- _INSTRUCTIONS FOR THE TASK_: What number of lines in the data below contain the string "design"? Answer with that number alone.

________

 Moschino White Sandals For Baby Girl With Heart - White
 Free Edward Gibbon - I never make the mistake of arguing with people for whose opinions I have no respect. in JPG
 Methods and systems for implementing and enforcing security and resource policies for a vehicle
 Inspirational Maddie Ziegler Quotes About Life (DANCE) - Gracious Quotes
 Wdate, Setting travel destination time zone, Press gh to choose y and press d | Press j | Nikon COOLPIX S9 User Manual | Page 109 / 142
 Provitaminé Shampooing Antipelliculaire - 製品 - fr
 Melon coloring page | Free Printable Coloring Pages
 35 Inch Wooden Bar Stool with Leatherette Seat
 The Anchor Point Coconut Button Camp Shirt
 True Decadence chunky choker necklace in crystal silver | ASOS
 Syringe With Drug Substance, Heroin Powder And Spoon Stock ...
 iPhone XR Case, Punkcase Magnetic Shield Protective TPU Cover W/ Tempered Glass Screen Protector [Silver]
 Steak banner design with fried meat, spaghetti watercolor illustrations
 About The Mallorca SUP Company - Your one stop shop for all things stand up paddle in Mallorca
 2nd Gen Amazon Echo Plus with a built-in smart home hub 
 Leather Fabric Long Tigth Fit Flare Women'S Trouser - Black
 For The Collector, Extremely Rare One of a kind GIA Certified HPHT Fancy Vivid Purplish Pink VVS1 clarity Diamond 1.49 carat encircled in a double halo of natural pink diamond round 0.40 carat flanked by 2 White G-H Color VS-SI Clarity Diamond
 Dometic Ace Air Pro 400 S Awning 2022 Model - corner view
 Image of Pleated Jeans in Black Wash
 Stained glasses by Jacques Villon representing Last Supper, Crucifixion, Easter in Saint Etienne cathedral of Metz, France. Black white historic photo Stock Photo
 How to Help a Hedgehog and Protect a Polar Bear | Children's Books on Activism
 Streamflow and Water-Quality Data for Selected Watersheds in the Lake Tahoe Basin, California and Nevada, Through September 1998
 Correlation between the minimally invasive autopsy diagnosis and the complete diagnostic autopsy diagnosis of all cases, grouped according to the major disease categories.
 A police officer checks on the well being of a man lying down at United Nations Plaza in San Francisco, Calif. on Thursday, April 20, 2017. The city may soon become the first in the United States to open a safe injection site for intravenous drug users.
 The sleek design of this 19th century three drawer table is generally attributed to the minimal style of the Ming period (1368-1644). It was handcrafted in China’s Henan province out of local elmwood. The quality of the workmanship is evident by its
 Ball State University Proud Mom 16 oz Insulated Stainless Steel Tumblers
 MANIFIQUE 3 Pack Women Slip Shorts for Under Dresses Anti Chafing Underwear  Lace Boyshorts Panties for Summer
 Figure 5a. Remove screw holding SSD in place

________

- _SOLUTION FOR THIS EXERCISE_: 2